Революция, как водится, началась с робких демонстраций.
Оставаясь по вечерам наедине с Варварой Александровной, Борис Николаевич стал чаще позевывать, испытывая удрученное состояние духа, и нередко, как трусливый человек, замышляющий ковы, не без внутреннего страха бросал украдкой взоры на Вавочку, причем совершенно неожиданно для себя находил, что лицо Вавочки хоть и красиво еще, но потеряло прежнюю свежесть, и подмечал «веерки» на висках, и то, что под глазами как будто подведено. И усики на пышных губах, которые прежде так нравились, теперь казались ему слишком заметными у женщины. Борис Николаевич нередко громко вздыхал и читал вслух книгу без прежнего увлечения и довольно рассеянно.
«Удрать бы куда-нибудь.
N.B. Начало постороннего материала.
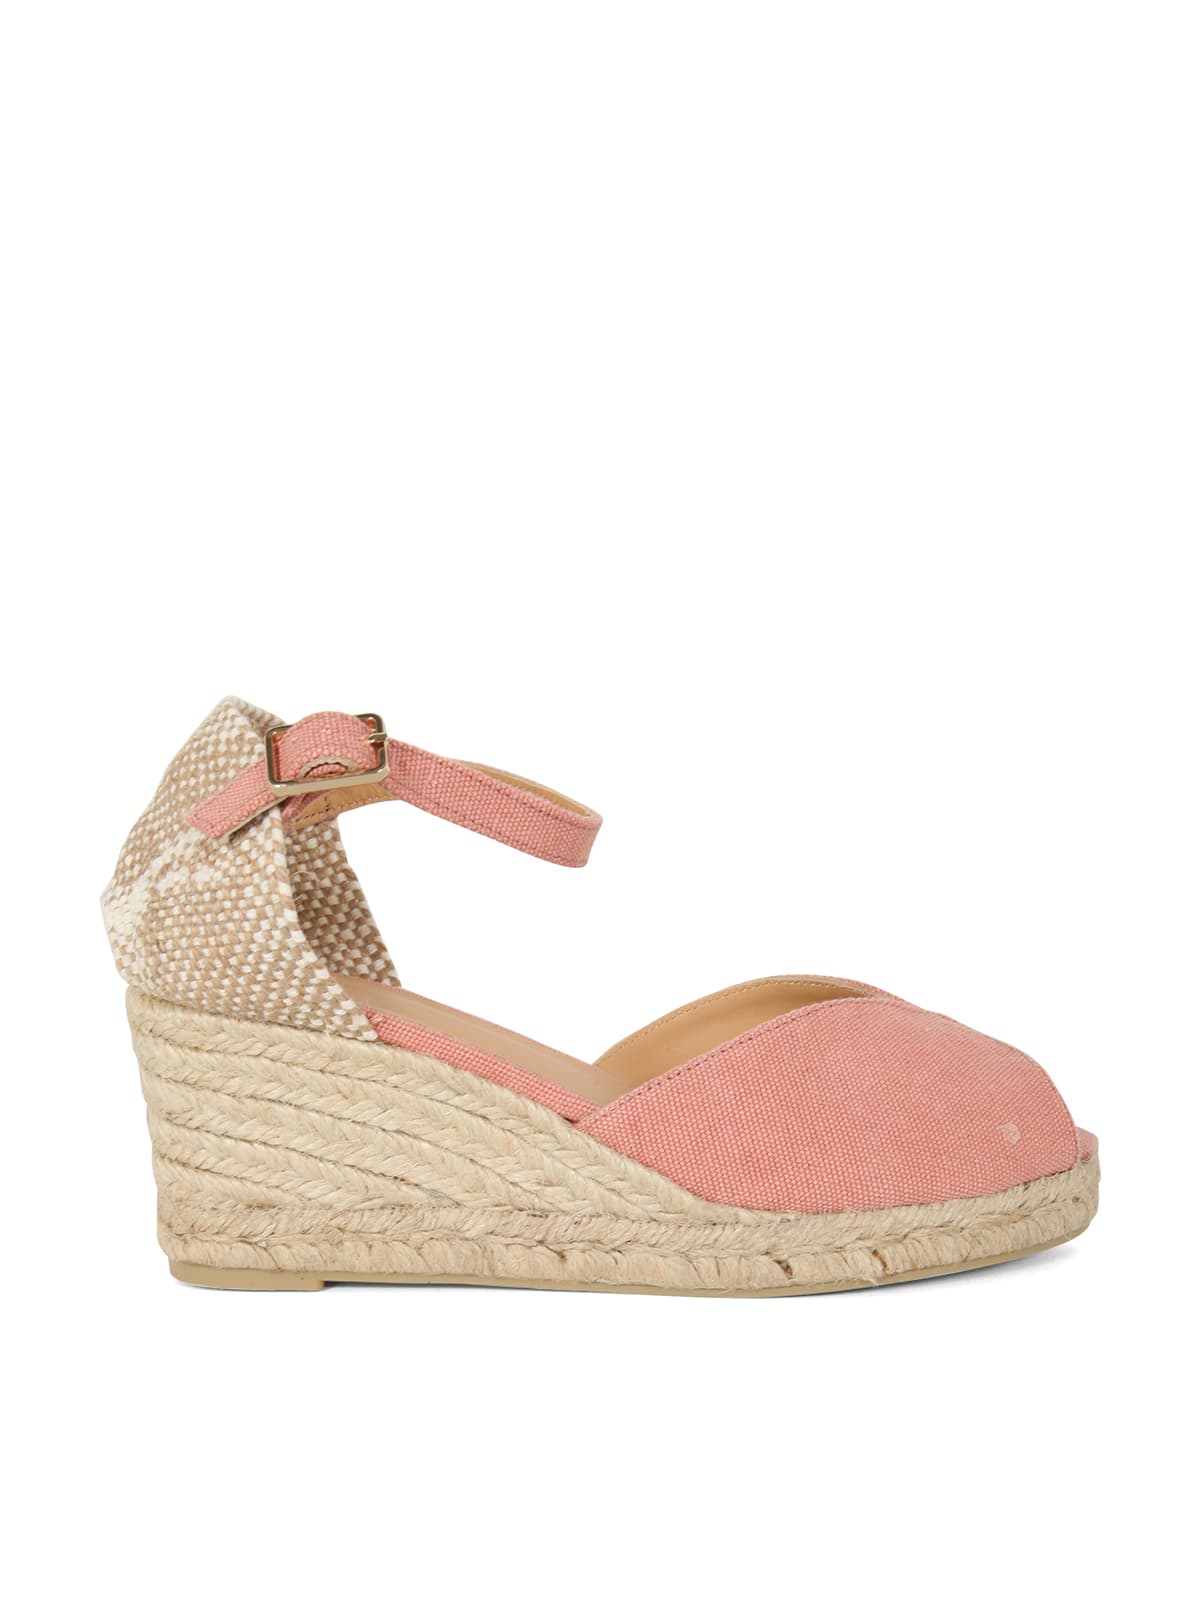 Castañer Bianca Espadrilles With Belt On Ankles And Heart-shaped Upper Part

То-то бы хорошо!» — частенько забегала в голову Бориса Николаевича соблазнительная мысль на самой интересной сцене романа, и он мысленно представлял себе «место», где можно бы приятно провести время, — поболтать с какой-нибудь менее серьезной, чем Вавочка, хорошенькой женщиной… Просто так, поболтать и посмеяться, не считая всякого лыка в строку, а потом кутнуть слегка с добрым приятелем… Как ни хорошо и уютно, казалось, было в гнездышке Варвары Александровны, где обыкновенно происходили вечерние чтения, от десяти до двенадцати, когда спали дети, и как ни мила и любяща была сама Вавочка, склонившая головку над починкой какой-нибудь принадлежности детского или его туалета — «она ведь вся живет для него и детей!» — тем не менее неблагодарного Бориса Николаевича все сильнее и сильнее тянуло задать тягу из этого уютного храма безграничной любви и забот о нем, и от этой самой образцовой жены, милой, любящей Вавочки, не отпускающей его от себя.
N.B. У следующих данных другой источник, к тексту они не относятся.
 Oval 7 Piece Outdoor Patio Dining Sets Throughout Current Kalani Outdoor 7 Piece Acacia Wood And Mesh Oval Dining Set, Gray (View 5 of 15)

Но вот вопрос: как улепетнуть, чтоб не раздражить и не огорчить Вавочку?.. Она примет это за недостаток любви… и тогда — взбучка!
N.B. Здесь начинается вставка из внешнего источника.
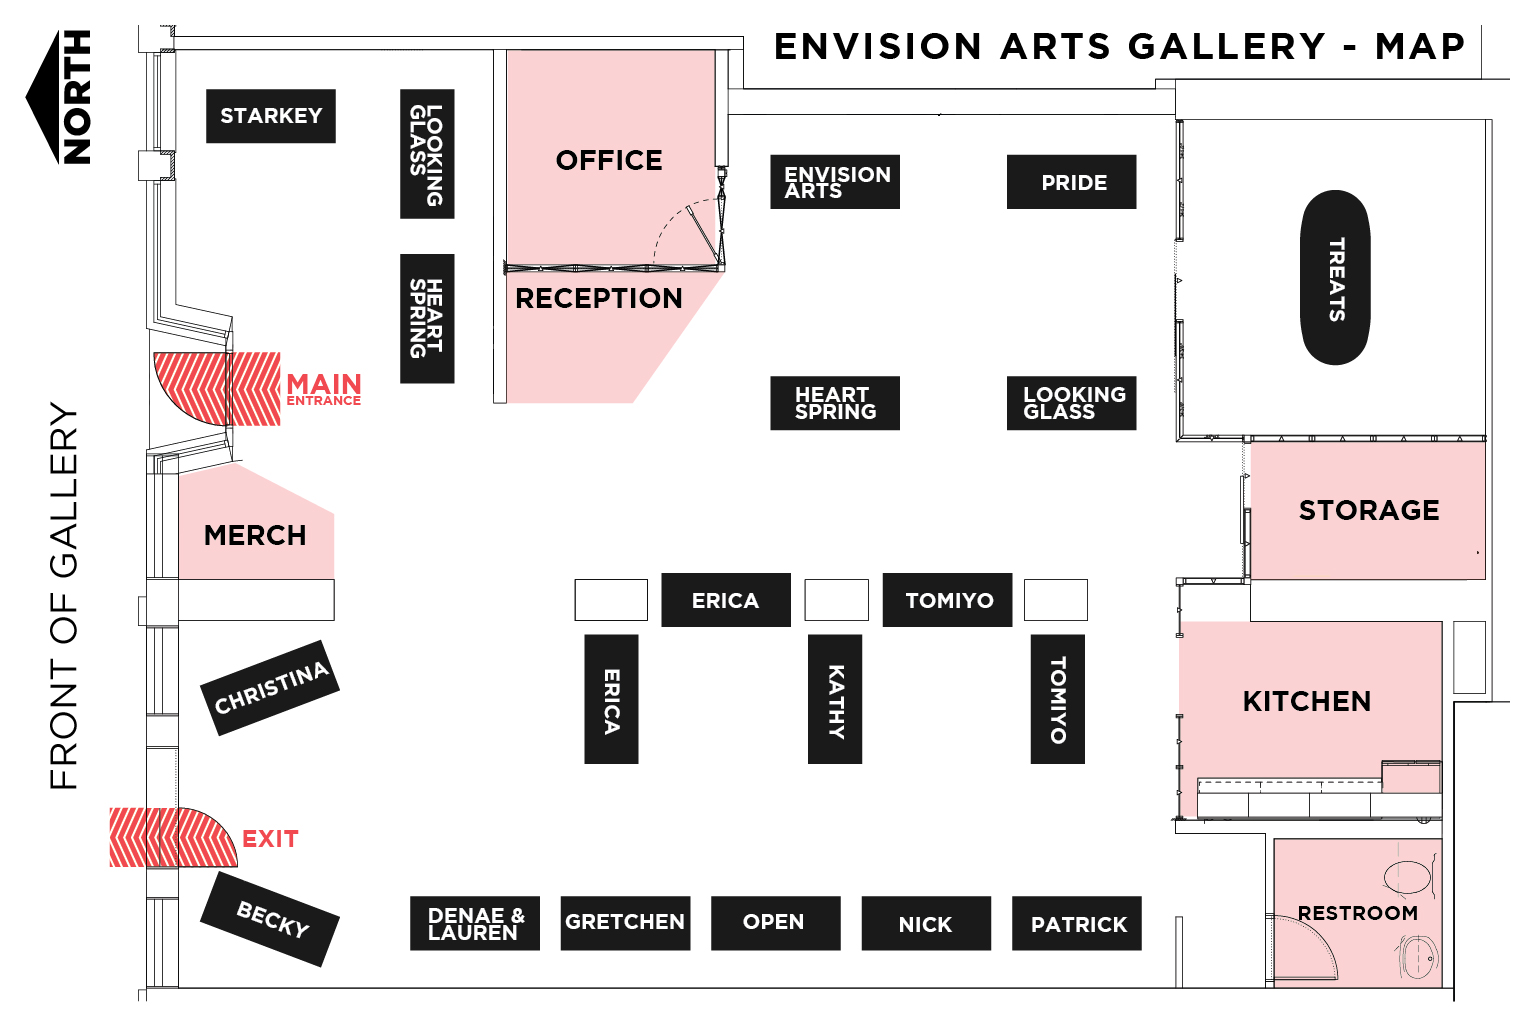 Envision Arts Gallery HOLIDAY-ART-AND-CRAFT-MARKET-GALLERY-MAP.jpg

Борис Николаевич озабоченно ломал голову, пока не напал на счастливую мысль: надо ее приучить к этому. Из-за чего, в самом деле, огорчаться и делать человеку сцены? Другие же жены (в голове Бориса Николаевича мелькал ряд других жен) сидят одни дома или преспокойно себе ездят одни в гости или в театр, а мужья их так же спокойно уходят, куда им заблагорассудится. И ничего себе… Нельзя же, в самом деле, вариться вечно в собственном соку! — не без тайного раздражения рассуждал Борис Николаевич, весь полный зависти к более свободным и менее любимым мужьям. И Борис Николаевич мечтал завоевать тихо, постепенно, не раздражая Вавочки, с помощью доводов, словом — легальным путем, и себе это маленькое право в супружеской конституции: право по временам уходить из дому и посещать своих знакомых и приятелей, а не одни только излюбленные женой дома, где жены — унеси ты мое горе! — и вечно толкуют о своих добродетелях. Еще бы! Удивительно еще, что мужья не сбежали от этих добродетельных уродов… А Вавочка именно только с такими дамами и дружит!